▸ COLLECTED DATA
********
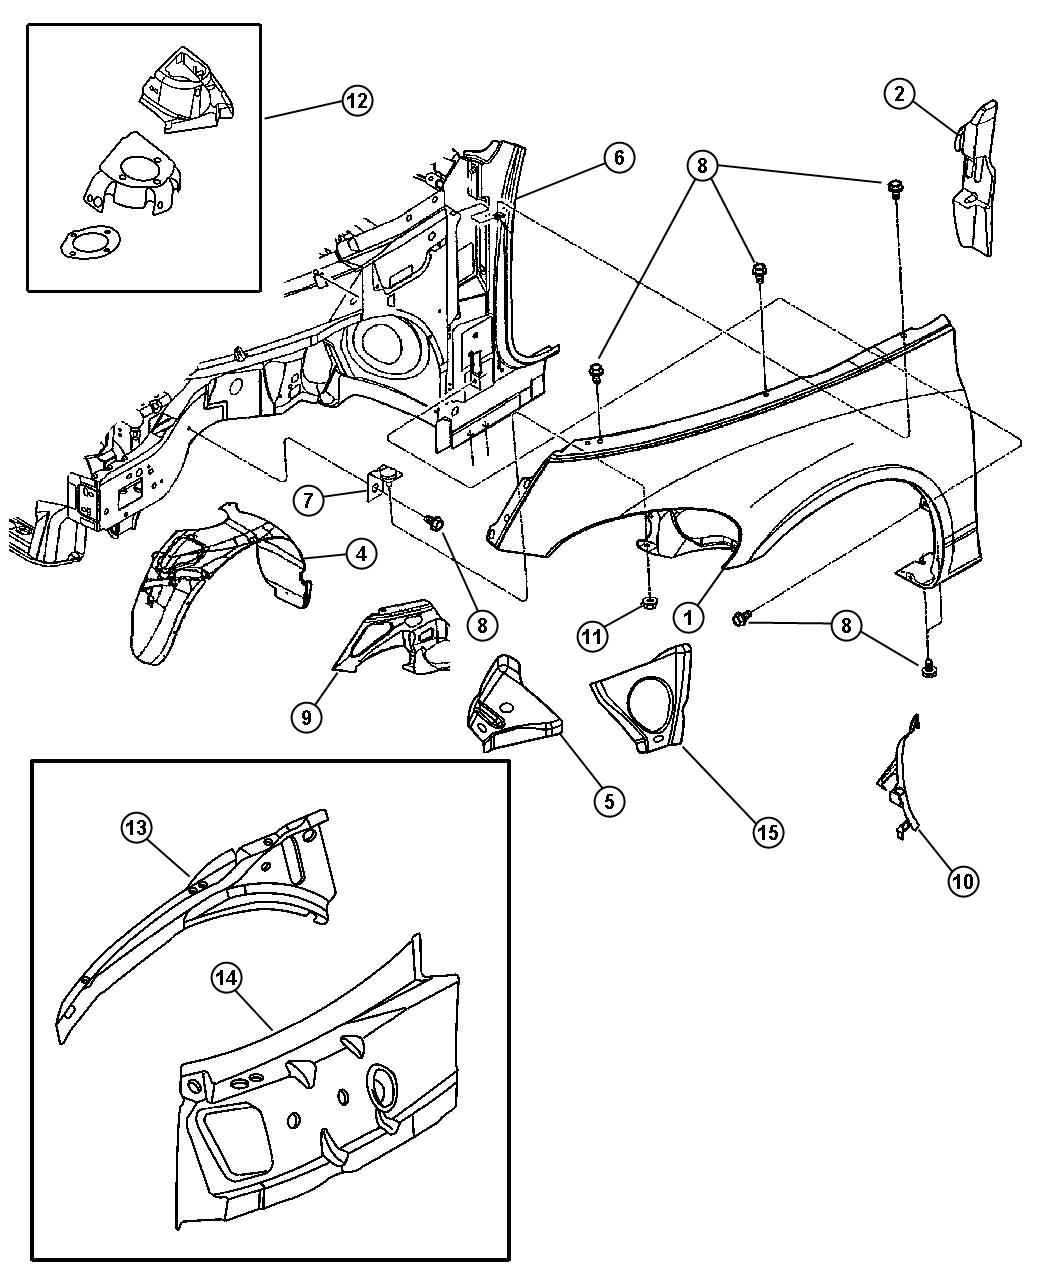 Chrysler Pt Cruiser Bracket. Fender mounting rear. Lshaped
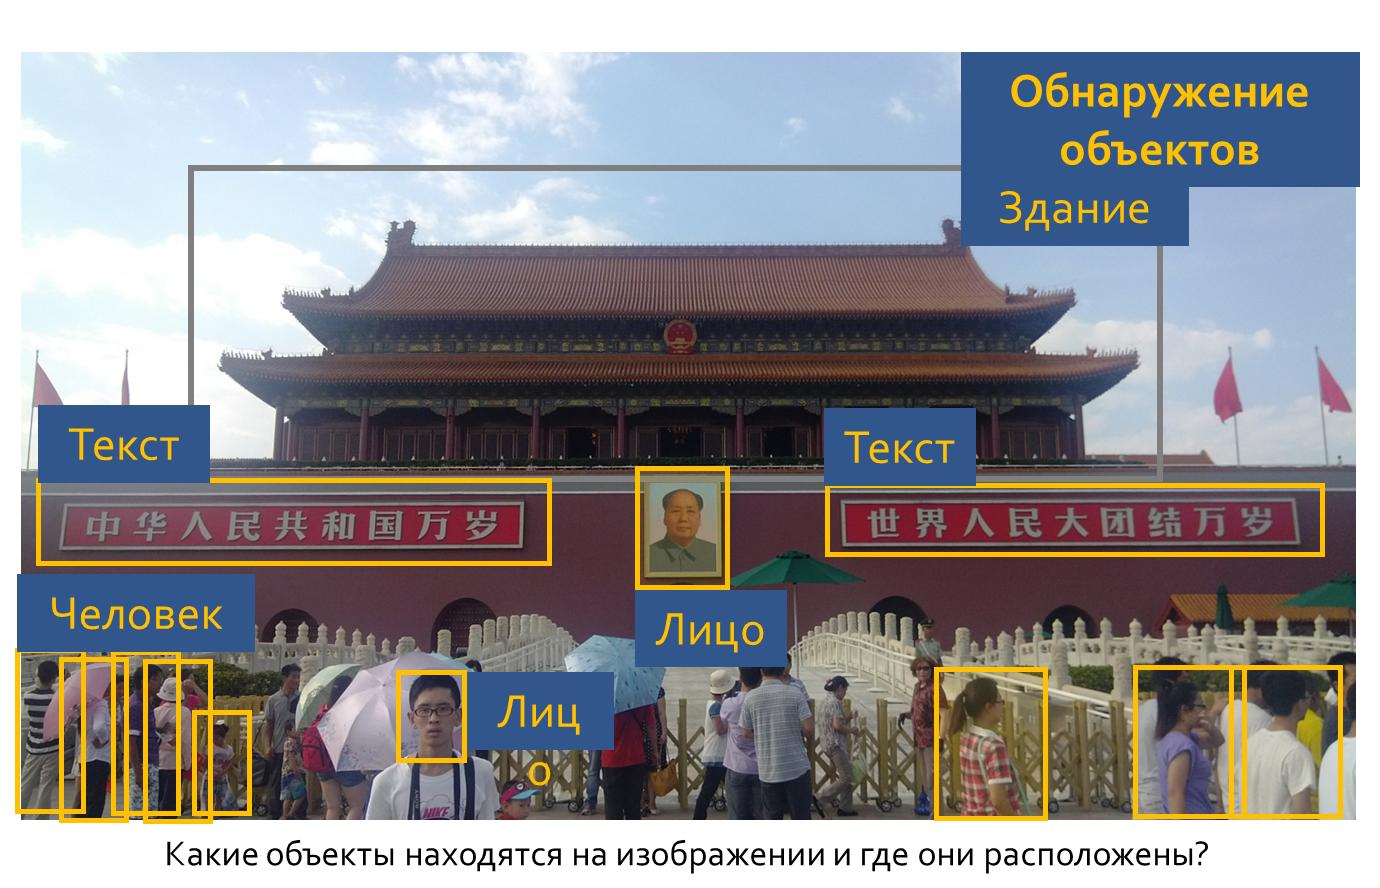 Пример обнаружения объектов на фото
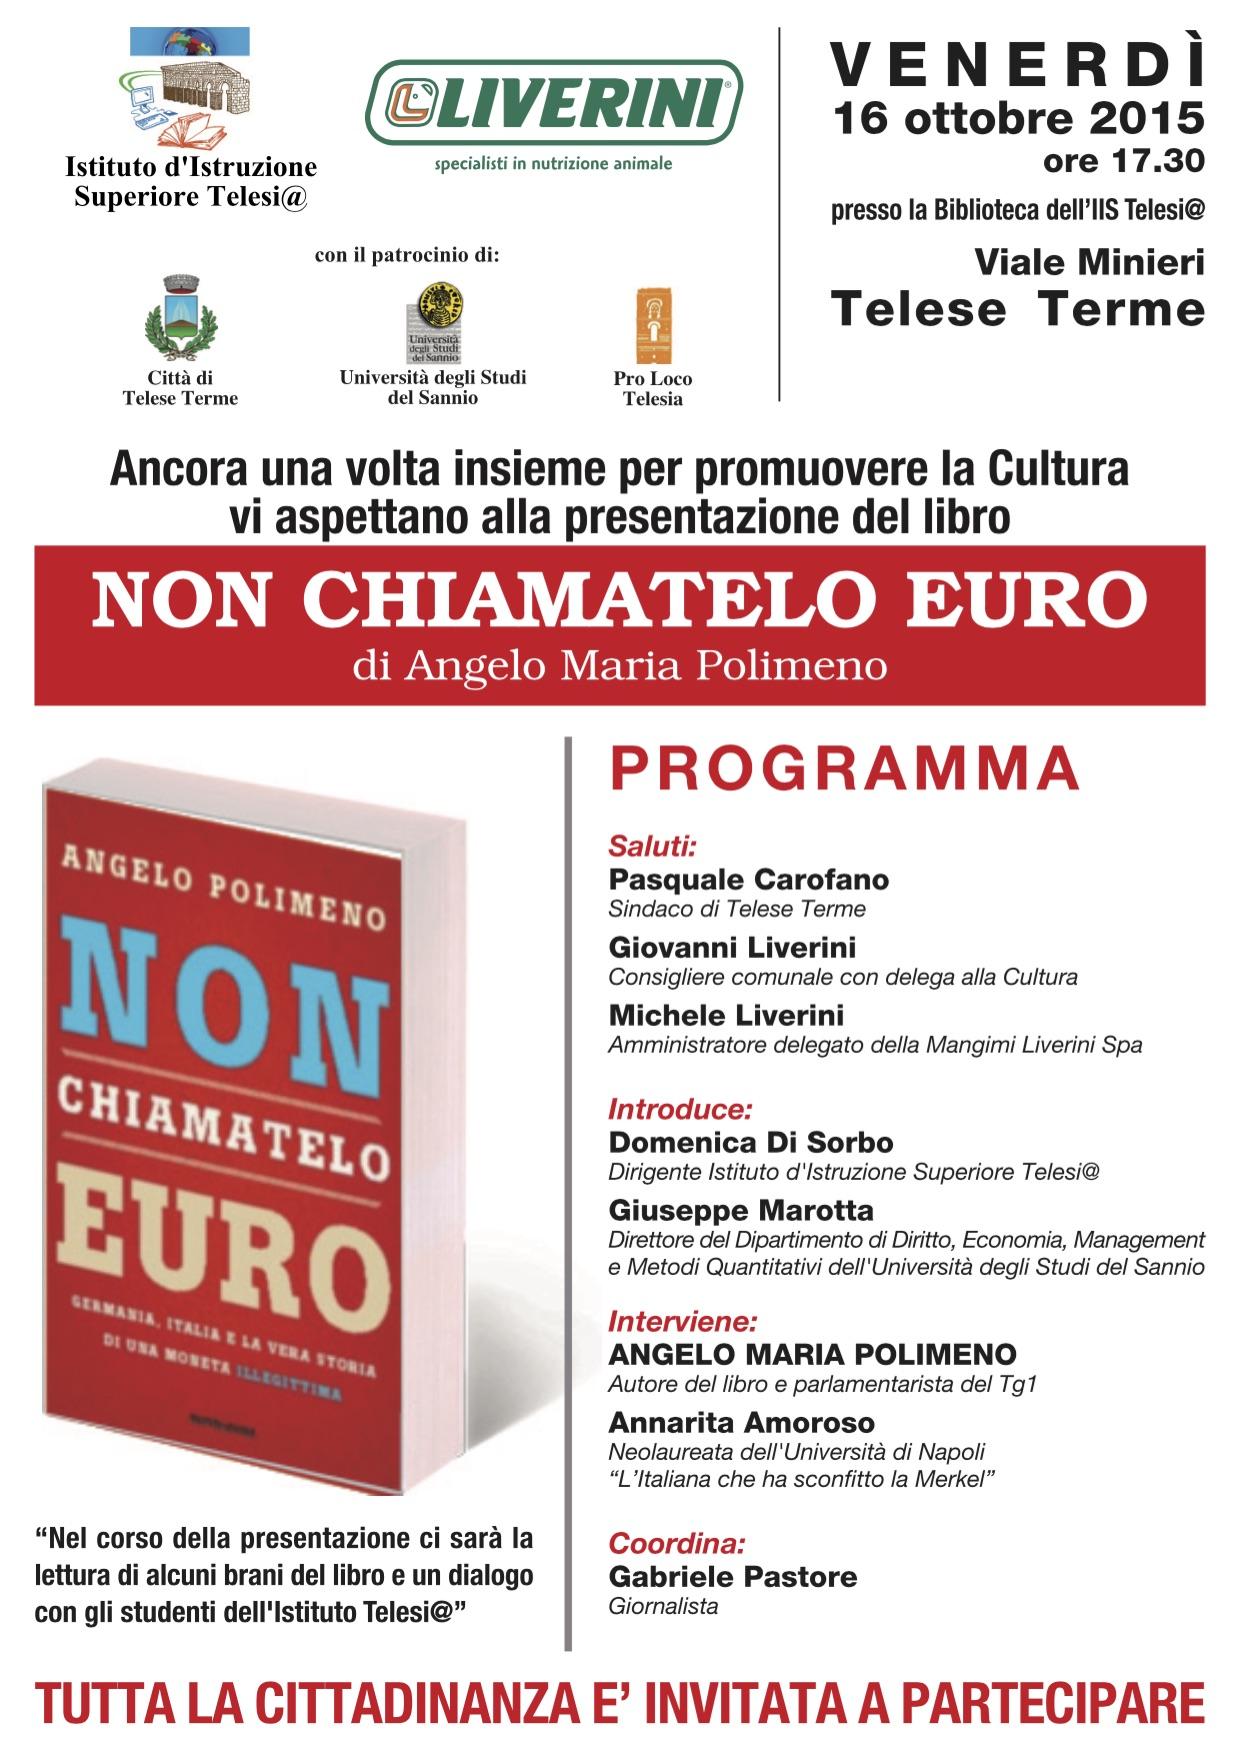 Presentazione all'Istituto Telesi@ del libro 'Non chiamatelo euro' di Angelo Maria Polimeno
********
Every line above is to be given again exactly, apart from the pictures.

▸ FINAL ANSWER
 Chrysler Pt Cruiser Bracket. Fender mounting rear. Lshaped
 Пример обнаружения объектов на фото
 Presentazione all'Istituto Telesi@ del libro 'Non chiamatelo euro' di Angelo Maria Polimeno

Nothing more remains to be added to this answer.